# Valuation Actuary's Q&A Machine using Retrieval Augmented Generation (RAG)
This project aims to create a Retrieval-Augmented Generation (RAG) process for valuation actuaries to ask questions on a set of documentations. The RAG process utilizes the power of the Large Language Model (LLM) to provide answers to questions specific documents.

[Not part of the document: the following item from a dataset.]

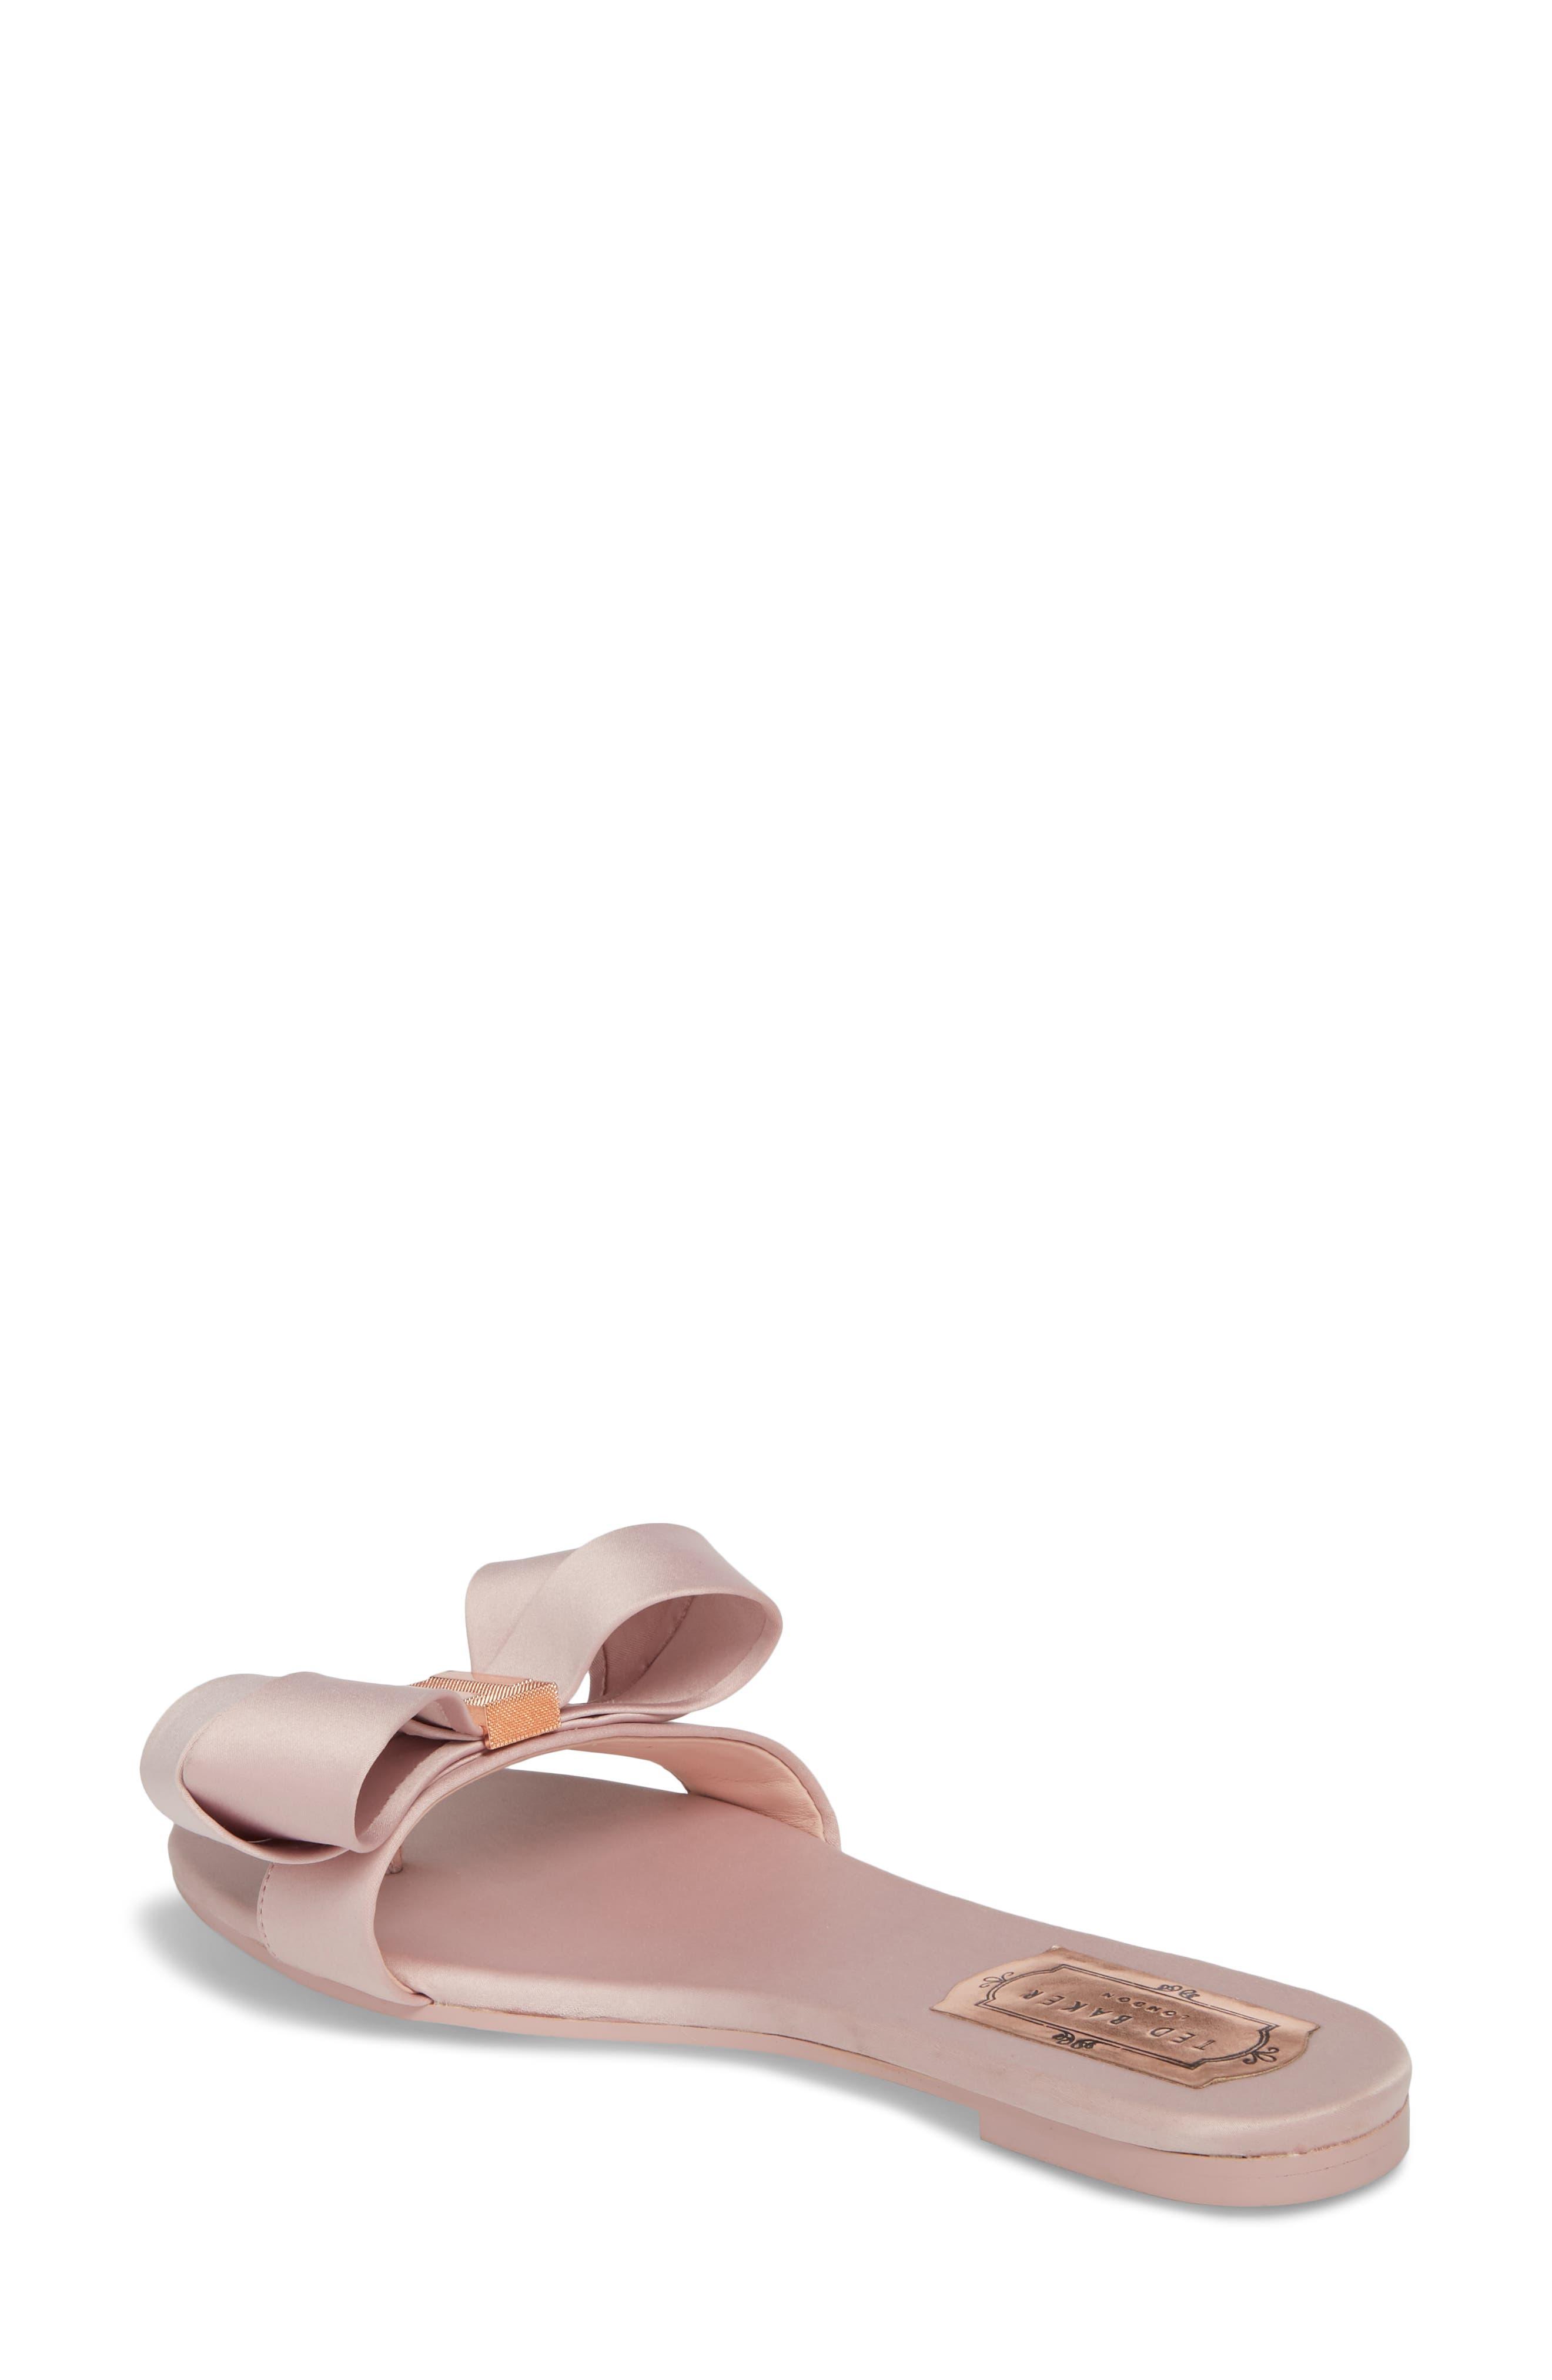 Ted BakerBEAUITA - T-bar sandals - light grey hRh6AQZ8mT
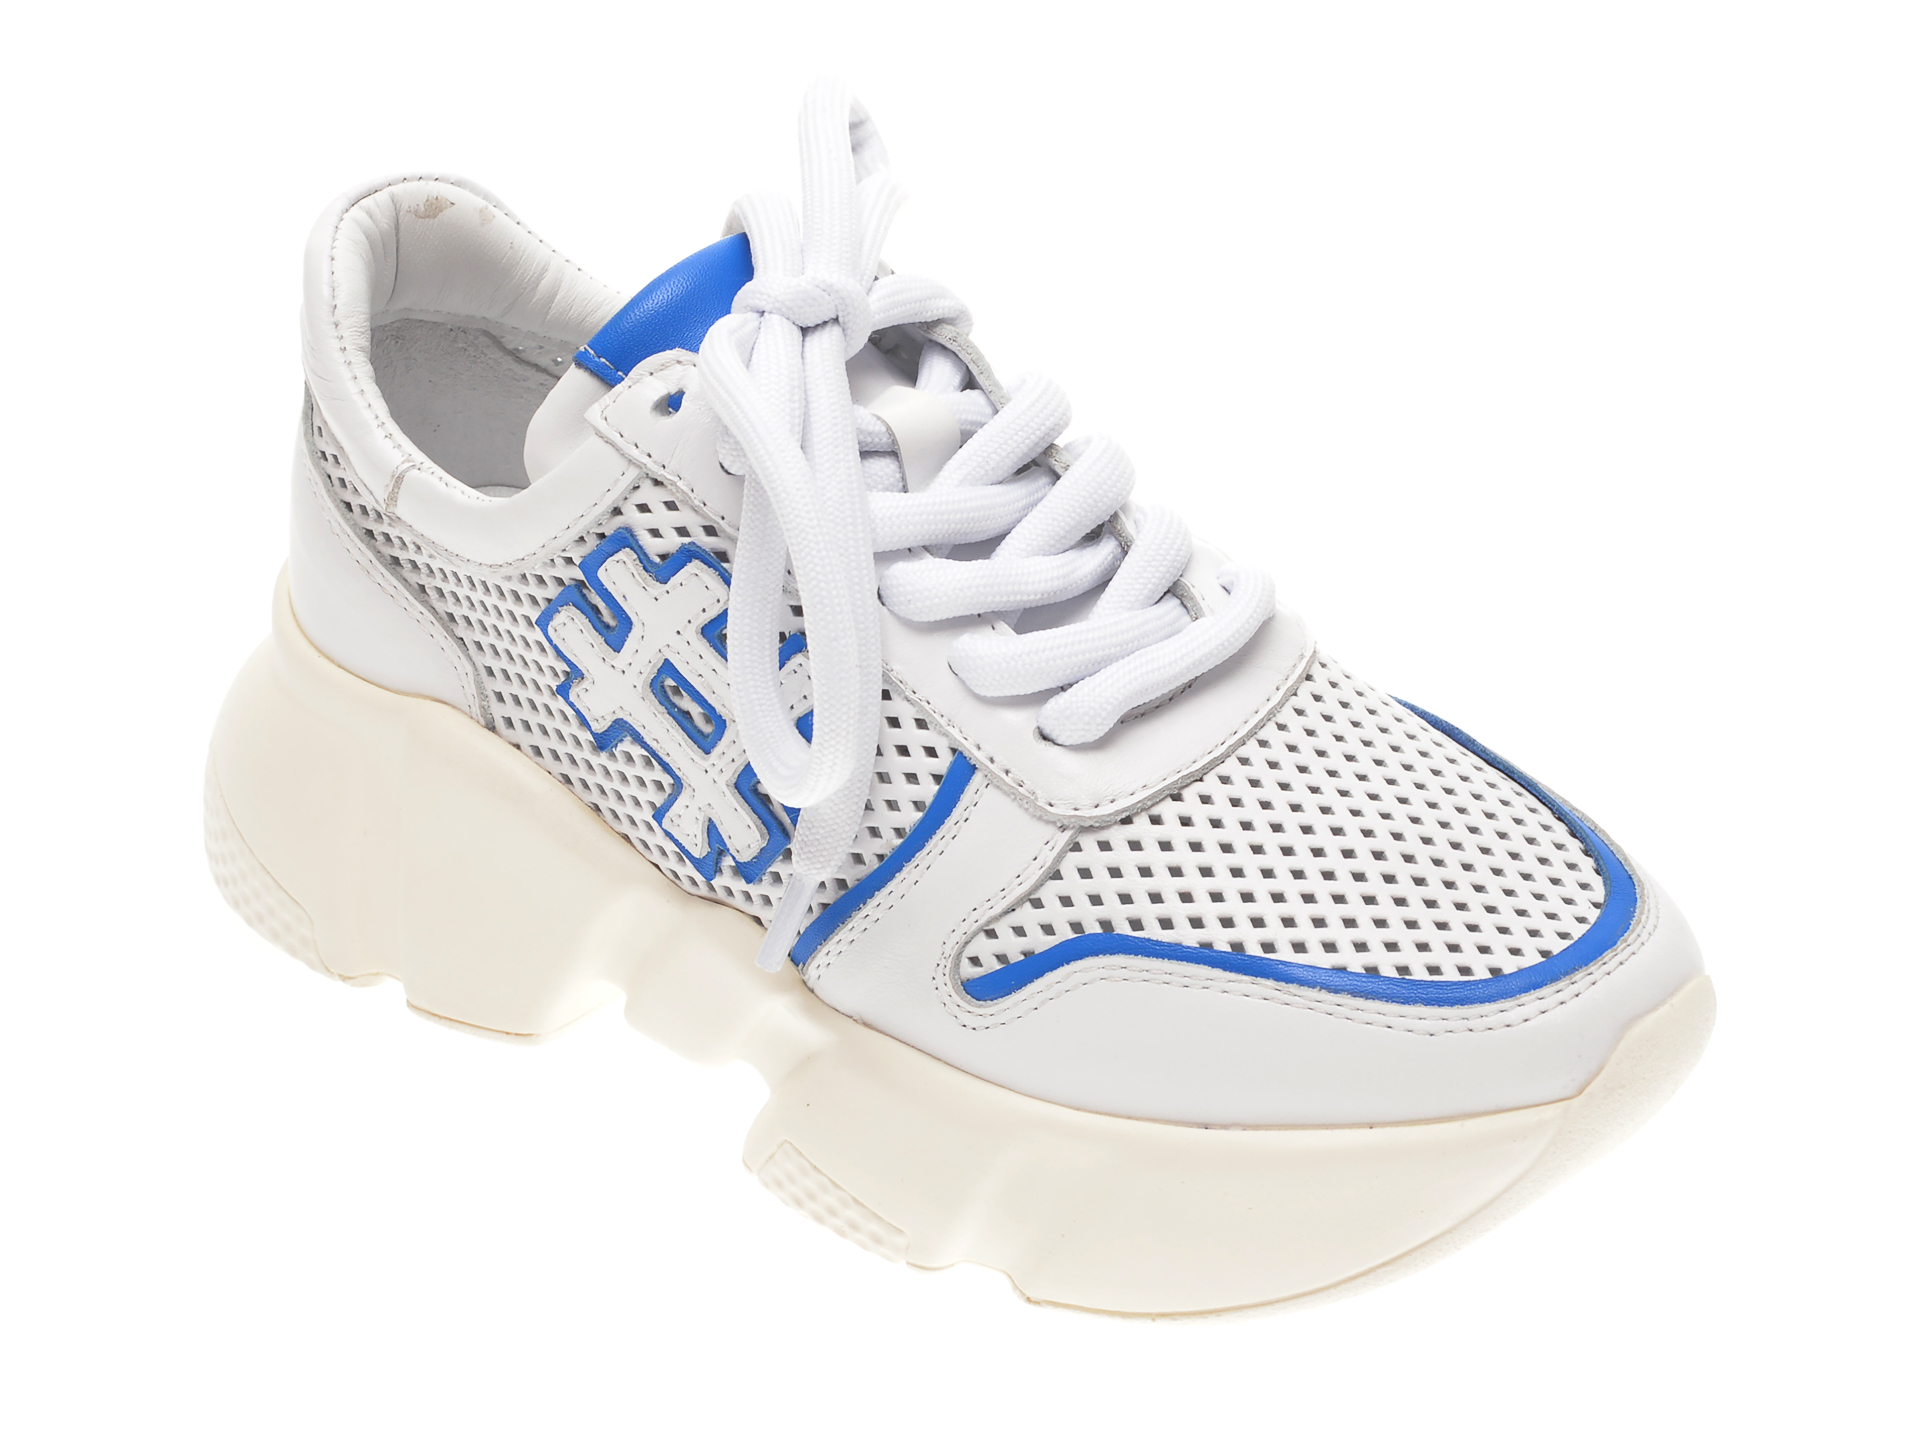 Pantofi Sport Flavia Passini Albi, 135p49, Din Piele Naturala

However, RAG is not without challenges, i.e., hallucination and inaccuracy. This code allows verifiability by providing the context it used to arrive at those answers. This process enables actuaries to validate the information provided by the LLM, empowering them to make informed decisions. By combining the capabilities of LLM with verifiability, this code offers actuaries a robust tool to leverage LLM technology effectively and extract maximum value.

# 1. Initial Setup
This setup includes loading environment variables from a `.env` file, setting the required environment variables, and importing the necessary modules for further processing. It ensures that the code has access to the required APIs and functions for the subsequent tasks.


In [1]:
# Initial set up
from dotenv import load_dotenv
import os

# Load the variables from .env file and set the API key (or user may manually set the API key)
load_dotenv()  # This loads the variables from .env (not part of repo)
os.environ["OPENAI_API_KEY"] = os.getenv('OPENAI_API_KEY')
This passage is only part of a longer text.